Lichtjes in de boom

Lang geleden, when we were very young, werkte ik in een kliniek met een psycholoog, een aardige intelligente kerel, die op een voorzichtige manier geïnteresseerd was in alternatieve therapeutische benaderingen. Hij hoorde nergens bij, fanatisme was hem vreemd en hij had een prettig soort relativerende humor. Soms wanneer we het pand om 5 uur aan het eind van onze dienst verlieten, keerde hij zich bij de voordeur om en riep met luide stem, zodat het tot boven aan toe te horen was: ‘De genezing gaat nu naar huis.’ Dat was niet zomaar een grap, het was ook een erkenning van de beperktheid van de behandelaars. Zoiets was absoluut niet gebruikelijk in die kliniek, waar de psychiaters goden waren en de psychologen halfgoden.

We bleven soms napraten over boeken en over hetgeen er die dag was gebeurd. Gaandeweg ontwikkelde zich een onnadrukkelijke mentor-leerling verhouding. Ik vermoed dat hij mij op zijn behoedzame wijze wilde helpen mijn talenten meer effectief te benutten. We spraken over de patiënten en hoe hij vond dat ik met hen omging, over de timing van interventies, van confrontaties, over distantie zonder verlies van contact. Soms vertelde hij iets over zichzelf, over zijn opleiding, alles binnen de kaders van het vak.

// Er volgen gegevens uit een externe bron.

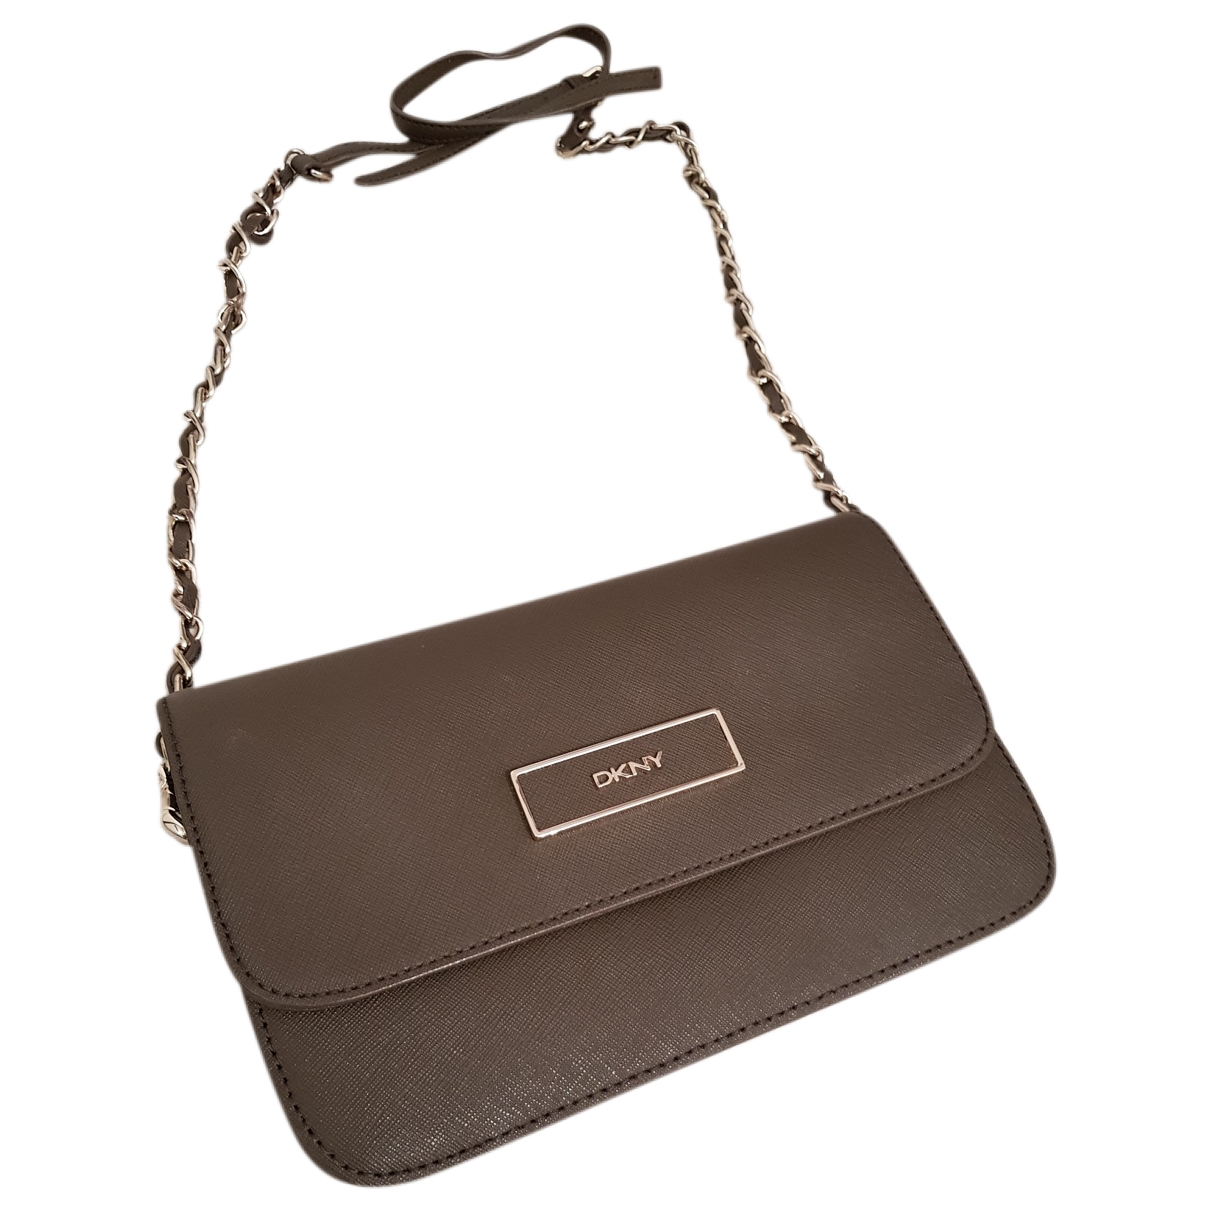 Dkny - Pochette   pour femme en cuir - kaki

Zo vertelde hij mij een keer dat hij een jaar of vijf zo’n drie keer per week op de bank had gelegen bij een psychoanalyticus. Ik vond dat heel lang, ik was zelf net twee jaar in therapie geweest en had dat ervaren als een stormachtige periode, waarin ik binnenstebuiten was gekeerd. Ik voelde mij schoon geschrobd en herboren. ‘Pfoe,’ zei ik, ‘dat was zeker wel heel ingrijpend.’ Maar dat was toch niet het geval geweest. ‘Het was eigenlijk vooral theoretisch,’ zei hij, ‘persoonlijk heb ik er niet veel aan gehad en ik ben er ook niet door veranderd.’ Hij voegde eraan toe: ‘Het enige wat het mij eigenlijk heeft opgeleverd, is dat ik nu ga plassen als ik moet plassen. Ik stel het niet meer uit. Dat heb ik geleerd.’ Ik moest lachen. Ik vond het een magere oogst, maar dat was hij niet met mij eens. ‘Zoiets doortrekt je hele leven. Ga maar na hoe vaak je per dag moet plassen. In die zin ben ik een ander mens geworden.’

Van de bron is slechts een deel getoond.